* Data for this exercise
★ ★ ★ ★ ★

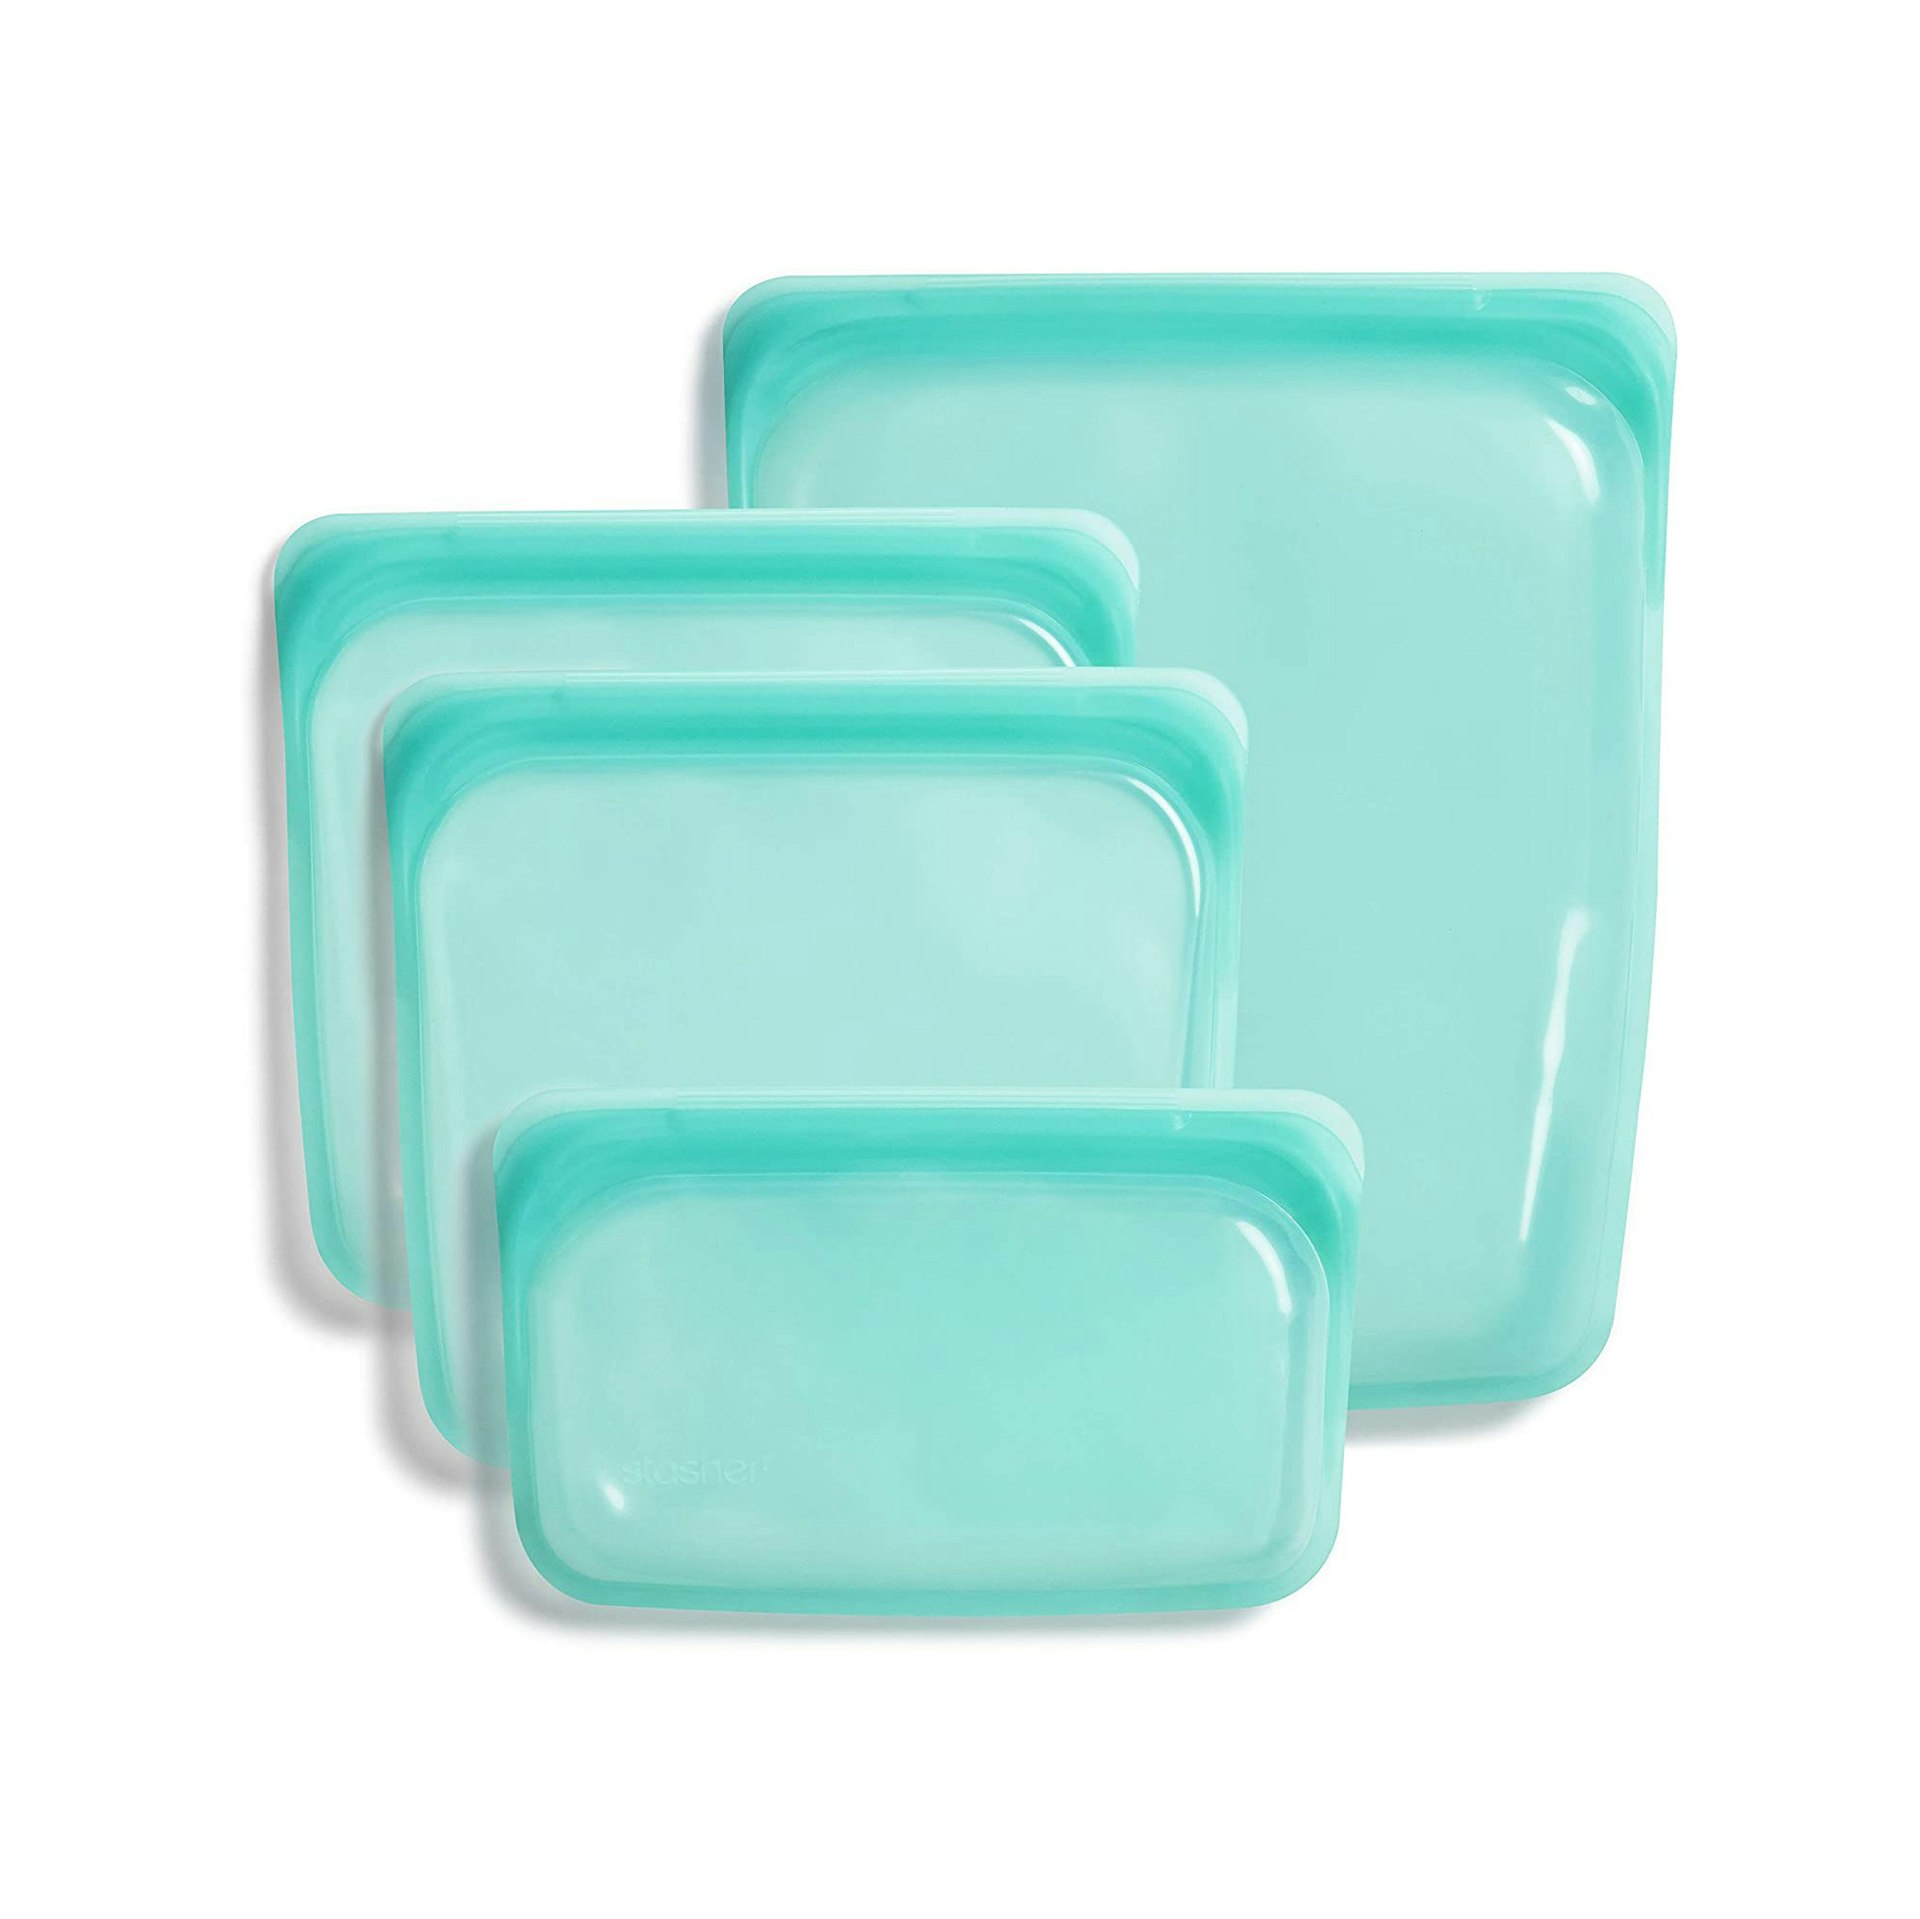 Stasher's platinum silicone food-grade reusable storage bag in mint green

★ ★ ★ ★ ★

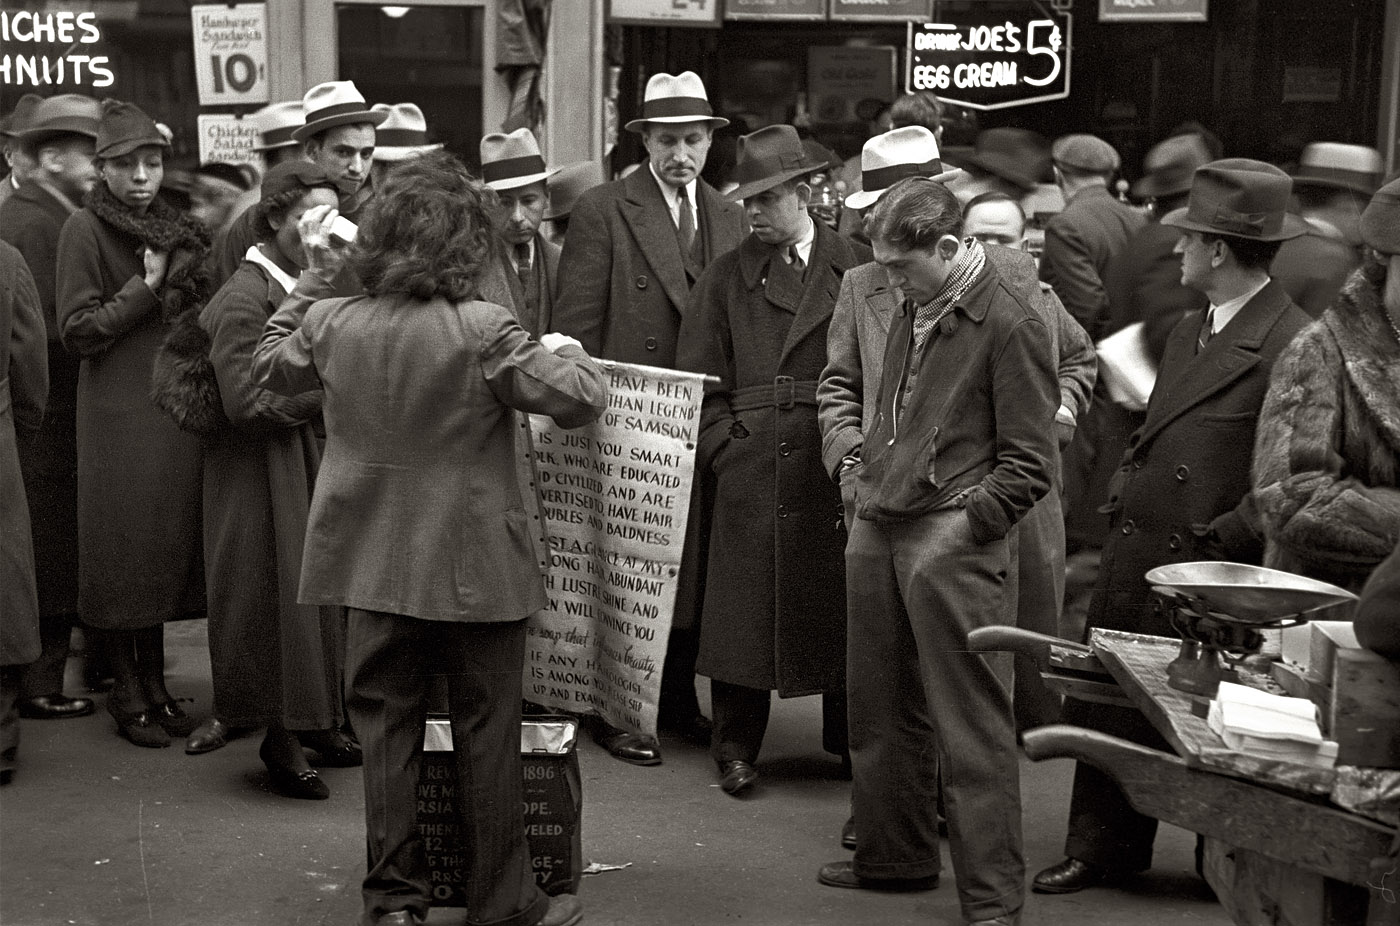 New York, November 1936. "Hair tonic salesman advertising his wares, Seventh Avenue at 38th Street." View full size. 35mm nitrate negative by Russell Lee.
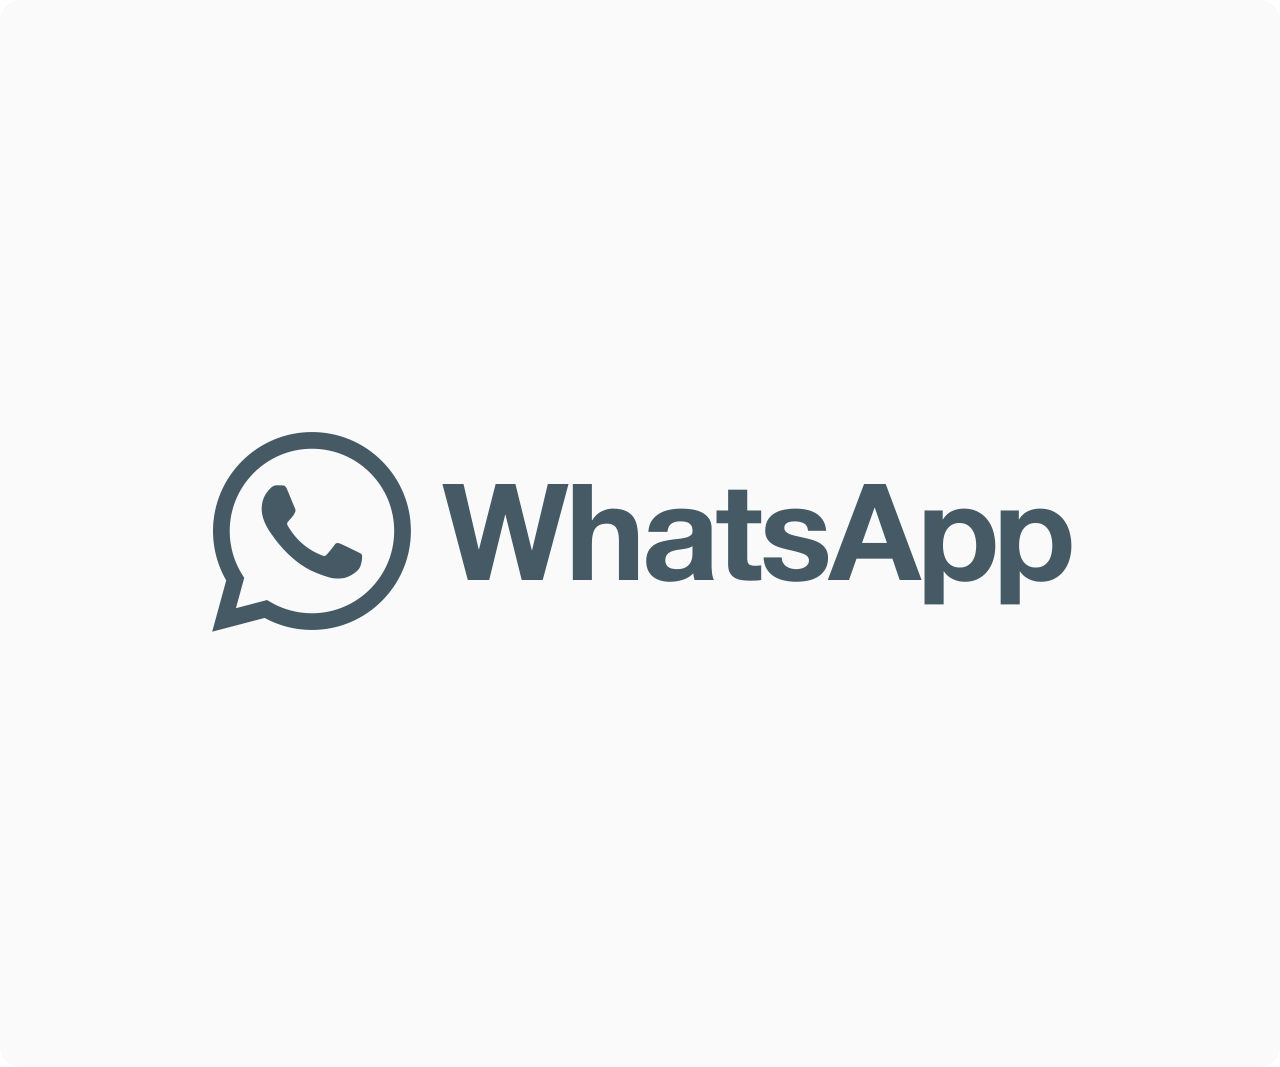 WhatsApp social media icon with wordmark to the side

★ ★ ★ ★ ★

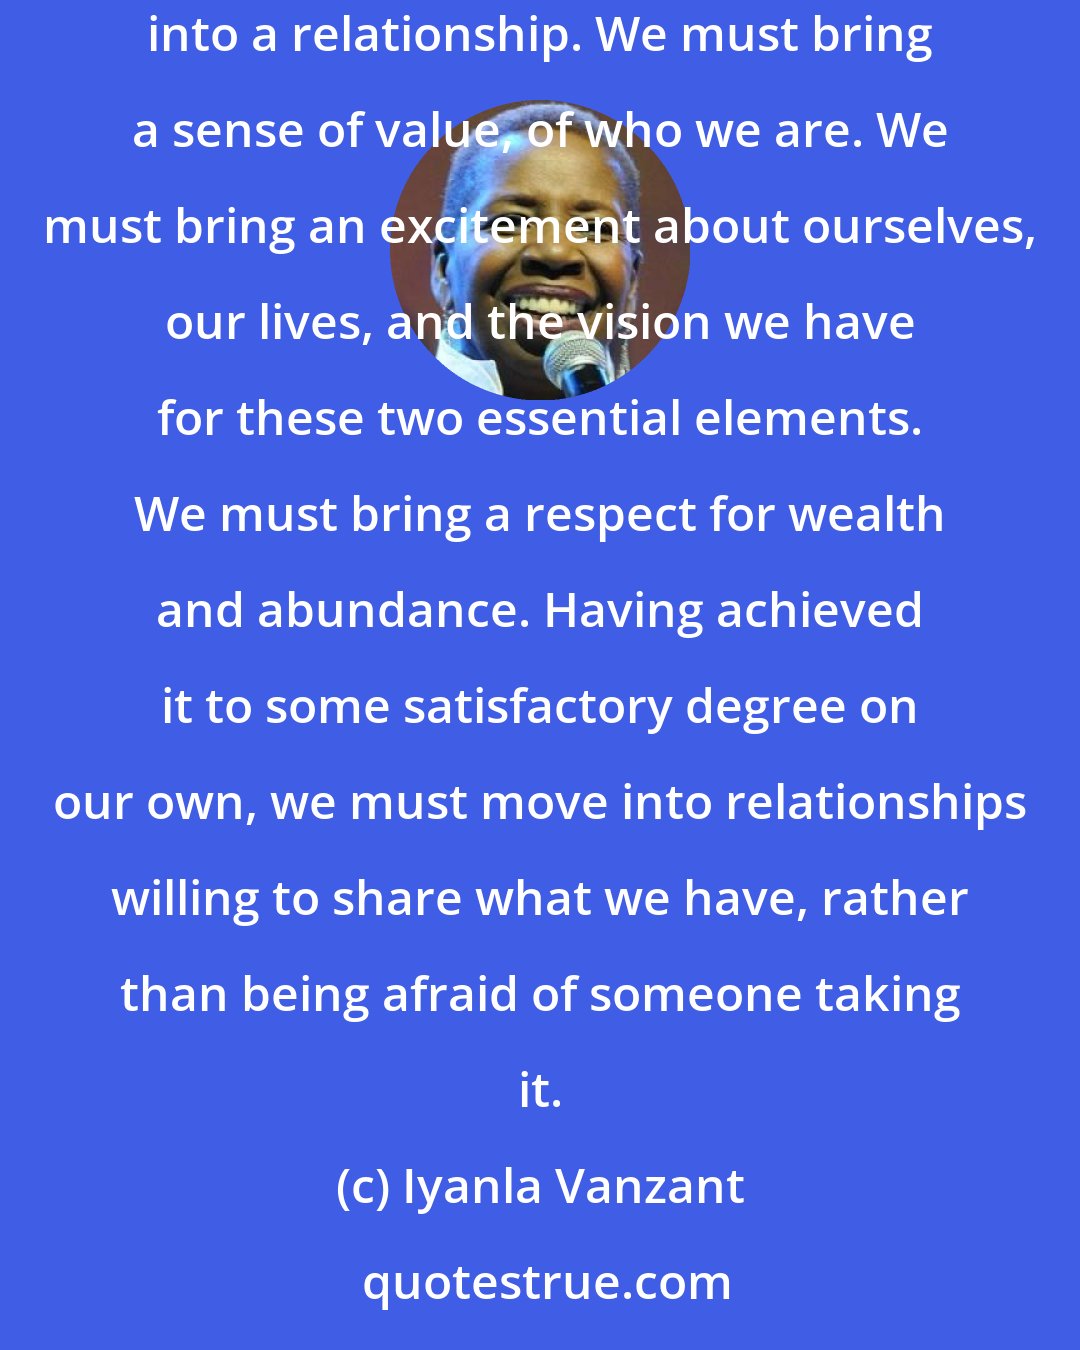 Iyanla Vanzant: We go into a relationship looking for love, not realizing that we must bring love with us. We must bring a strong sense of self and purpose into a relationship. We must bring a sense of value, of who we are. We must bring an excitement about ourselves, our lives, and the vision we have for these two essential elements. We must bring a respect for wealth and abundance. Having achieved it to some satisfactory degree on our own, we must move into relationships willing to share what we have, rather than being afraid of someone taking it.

★ ★ ★ ★ ★

* Task brief
Using the entries above, reproduce word for word only the lines from the one that contains "New York, November" to the one that contains "WhatsApp social media", both ends included, and drop every picture.

* Written response
 New York, November 1936. "Hair tonic salesman advertising his wares, Seventh Avenue at 38th Street." View full size. 35mm nitrate negative by Russell Lee.
 WhatsApp social media icon with wordmark to the side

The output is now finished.